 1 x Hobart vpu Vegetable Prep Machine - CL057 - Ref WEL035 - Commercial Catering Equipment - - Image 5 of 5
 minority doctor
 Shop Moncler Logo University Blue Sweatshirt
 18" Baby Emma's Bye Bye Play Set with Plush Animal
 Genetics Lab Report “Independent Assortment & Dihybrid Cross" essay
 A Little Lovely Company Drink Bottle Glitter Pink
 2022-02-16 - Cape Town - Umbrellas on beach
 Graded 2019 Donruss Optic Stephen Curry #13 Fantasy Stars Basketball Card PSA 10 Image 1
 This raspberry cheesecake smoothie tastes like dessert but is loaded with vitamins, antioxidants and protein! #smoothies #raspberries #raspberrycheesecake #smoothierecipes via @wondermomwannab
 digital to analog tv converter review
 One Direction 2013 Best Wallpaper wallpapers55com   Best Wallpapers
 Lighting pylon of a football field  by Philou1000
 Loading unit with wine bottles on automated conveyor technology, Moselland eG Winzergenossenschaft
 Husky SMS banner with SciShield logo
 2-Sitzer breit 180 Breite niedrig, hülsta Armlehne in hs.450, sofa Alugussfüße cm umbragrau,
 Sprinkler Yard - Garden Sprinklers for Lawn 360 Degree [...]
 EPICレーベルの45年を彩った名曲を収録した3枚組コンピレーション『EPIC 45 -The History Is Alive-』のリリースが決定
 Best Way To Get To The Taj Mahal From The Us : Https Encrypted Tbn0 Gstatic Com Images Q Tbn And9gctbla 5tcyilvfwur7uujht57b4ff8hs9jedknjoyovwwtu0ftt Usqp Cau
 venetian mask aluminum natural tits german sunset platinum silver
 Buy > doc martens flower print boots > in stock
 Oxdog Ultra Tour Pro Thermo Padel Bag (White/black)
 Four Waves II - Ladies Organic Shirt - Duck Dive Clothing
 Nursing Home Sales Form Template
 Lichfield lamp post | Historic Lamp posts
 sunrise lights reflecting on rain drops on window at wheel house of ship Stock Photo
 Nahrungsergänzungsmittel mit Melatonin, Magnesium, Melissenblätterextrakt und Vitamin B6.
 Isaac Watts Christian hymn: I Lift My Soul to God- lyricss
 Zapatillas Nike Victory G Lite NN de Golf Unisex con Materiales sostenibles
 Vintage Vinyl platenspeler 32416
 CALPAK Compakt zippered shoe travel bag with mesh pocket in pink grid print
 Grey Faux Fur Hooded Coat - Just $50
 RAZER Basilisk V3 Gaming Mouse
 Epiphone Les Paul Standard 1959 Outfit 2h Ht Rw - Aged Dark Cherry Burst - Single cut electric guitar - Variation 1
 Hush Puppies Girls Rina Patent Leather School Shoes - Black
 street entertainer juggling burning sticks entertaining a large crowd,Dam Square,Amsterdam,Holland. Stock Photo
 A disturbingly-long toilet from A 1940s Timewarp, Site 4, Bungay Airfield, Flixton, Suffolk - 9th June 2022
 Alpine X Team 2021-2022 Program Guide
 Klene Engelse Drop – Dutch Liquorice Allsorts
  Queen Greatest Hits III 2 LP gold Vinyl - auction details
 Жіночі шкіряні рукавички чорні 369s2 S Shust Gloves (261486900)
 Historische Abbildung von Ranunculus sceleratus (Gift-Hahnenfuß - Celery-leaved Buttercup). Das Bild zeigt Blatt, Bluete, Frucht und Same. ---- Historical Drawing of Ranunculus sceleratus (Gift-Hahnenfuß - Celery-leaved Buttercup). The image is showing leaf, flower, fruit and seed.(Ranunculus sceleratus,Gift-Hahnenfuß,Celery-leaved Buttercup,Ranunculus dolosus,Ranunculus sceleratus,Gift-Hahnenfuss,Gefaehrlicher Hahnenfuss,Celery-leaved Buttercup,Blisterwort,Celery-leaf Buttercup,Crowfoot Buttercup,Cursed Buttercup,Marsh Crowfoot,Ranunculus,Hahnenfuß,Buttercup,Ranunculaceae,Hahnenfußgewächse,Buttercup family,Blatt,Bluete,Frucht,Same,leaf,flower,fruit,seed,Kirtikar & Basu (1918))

__________

§ **ASSIGNMENT**
Whenever a line of the data above holds the word "with", it counts once; report the total number of such lines and nothing more.

§ **EXERCISE RESPONSE**
5